Hibbertia rufociliata

Scientific classification
- Kingdom: Plantae
- Clade: Tracheophytes
- Clade: Angiosperms
- Clade: Eudicots
- Order: Dilleniales
- Family: Dilleniaceae
- Genus: Hibbertia
- Species: H. rufociliata
- Binomial name: Hibbertia rufociliata Toelken

= Hibbertia rufociliata =

- Genus: Hibbertia
- Species: rufociliata
- Authority: Toelken

Species of plant

Hibbertia rufociliata is a species of flowering plant in the family Dilleniaceae and is endemic to a restricted area of north Queensland. It is a shrub with hairy foliage, elliptic to lance-shaped leaves with the narrower end towards the base, and yellow flowers usually arranged singly in leaf axils with 36 to 44 stamens arranged in bundles around two densely scaly carpels.

==Description==
Hibbertia rufociliata is a shrub that typically grows to a height of 50–80 cm, sometimes to 1.5 m, and has hairy foliage.
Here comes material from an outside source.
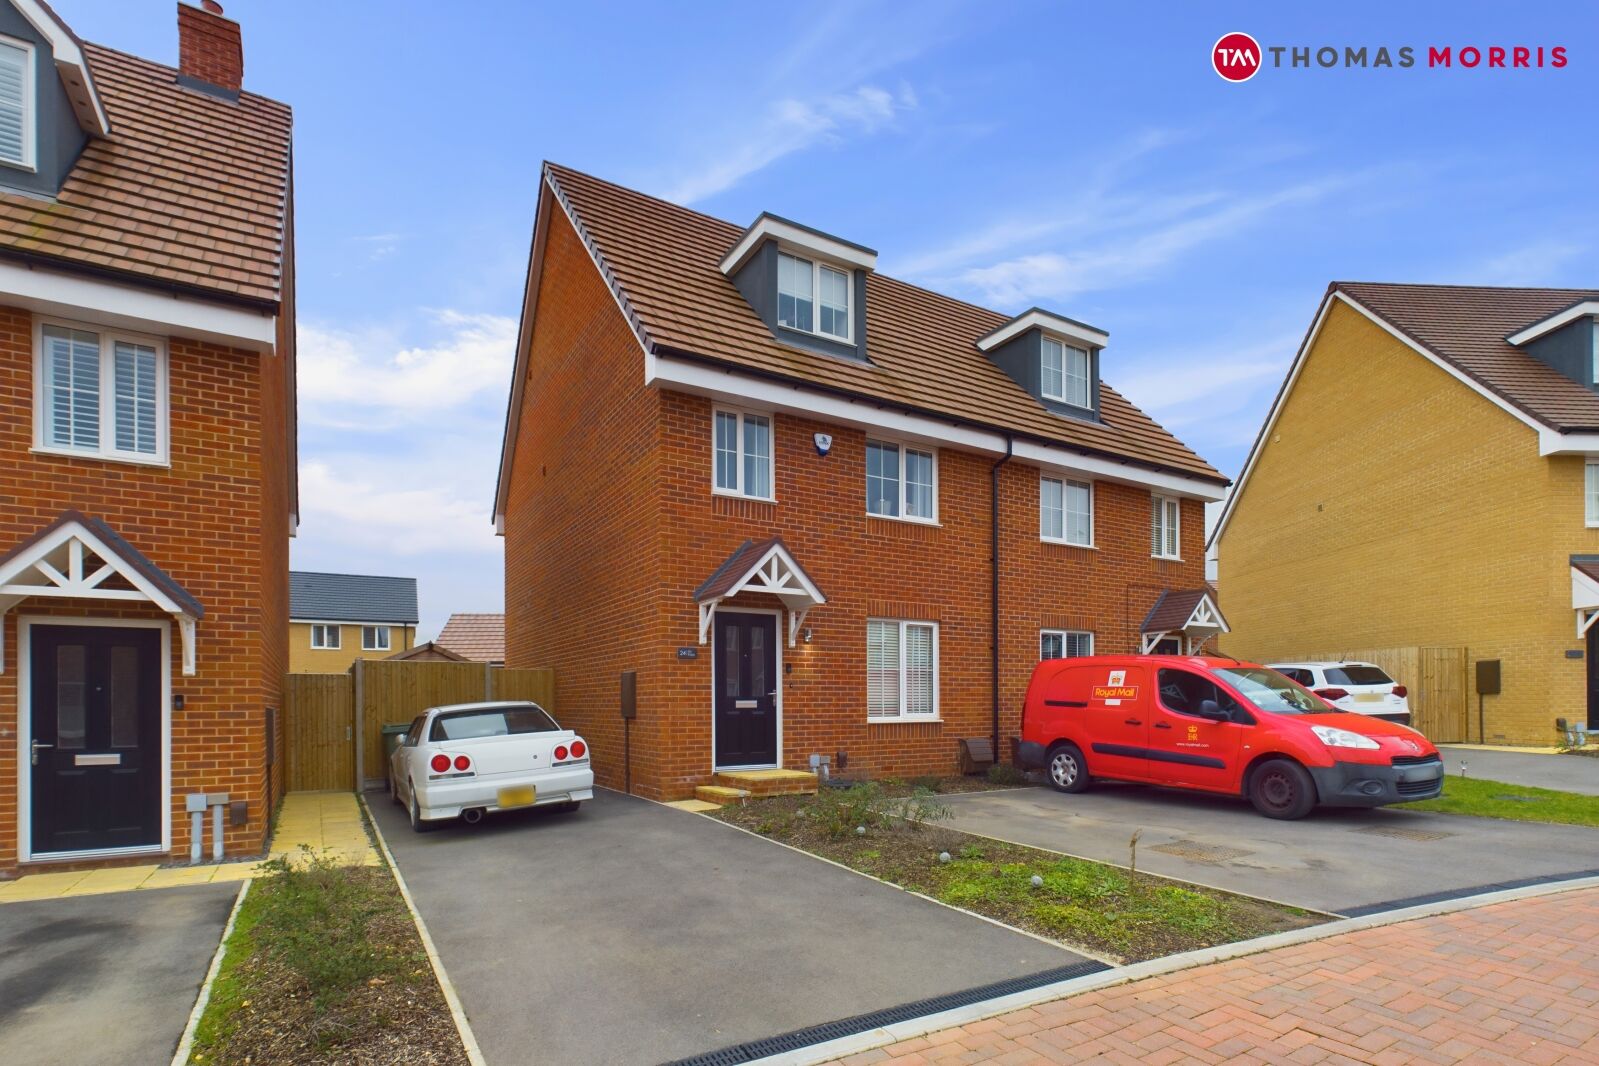 4 bedroom semi detached house for sale Lily Edge, Biggleswade, SG18, main image
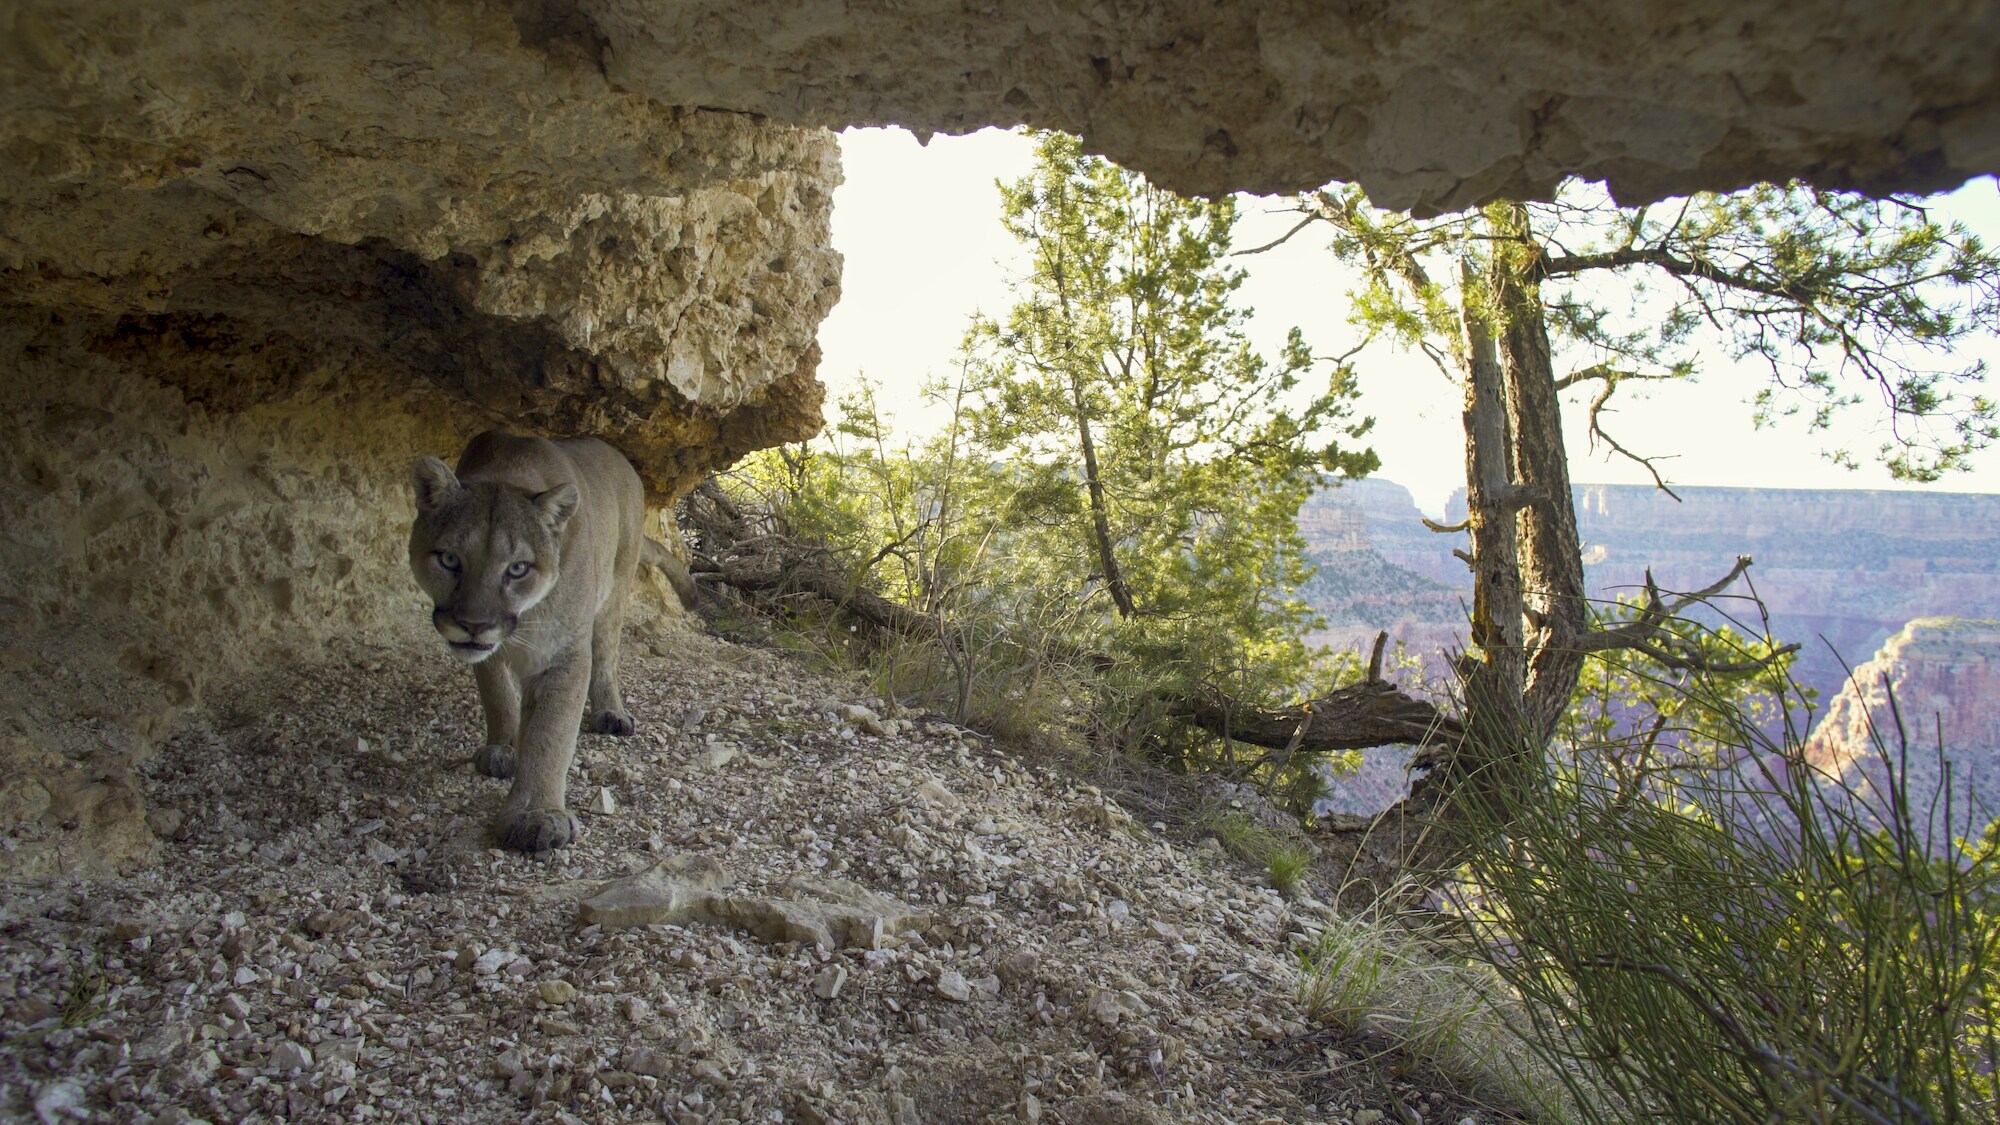 A mountain lion takes shelter from the heat under and overhang in the Grand Canyon, AZ. (National Geographic for Disney+)

The leaves are elliptic to lance-shaped with the narrower end towards the base, mostly 25–35 mm long and 3–7.5 mm wide on a petiole 0.6–2.4 mm long. The lower surface of the leaves is densely hairy. The flowers are usually arranged singly in leaf axils, each flower on a stout peduncle 3.5–4.8 mm long, with broadly egg-shaped bracts 1.2–1.7 mm long at the base. The five sepals are joined at the base, the two outer sepal lobes 3.4–4.1 mm long and 1.2–1.4 mm wide, and the inner lobes longer and broader. The five petals are broadly egg-shaped with the narrower end towards the base, yellow, 6.6–7.8 mm long and there are 36 to 44 stamens arranged in bundles around the two densely scaly carpels, each carpel with two ovules. Flowering occurs from April to July.

==Taxonomy==
Hibbertia rufociliata was first formally described in 2010 by Hellmut R. Toelken in the Journal of the Adelaide Botanic Gardens from specimens collected by Leonard John Brass near Browns Creek, a tributary of the Pascoe River, in 1948. The specific epithet (rufociliata) refers to the rufous hairs characteristic of this species.

==Distribution and habitat==
This hibbertia grows on sandy ridges in forest in a few locations on Cape York Peninsula in far northern Queensland.

==Conservation status==
Hibbertia rufociliata is classified as of "least concern" under the Queensland Government Nature Conservation Act 1992.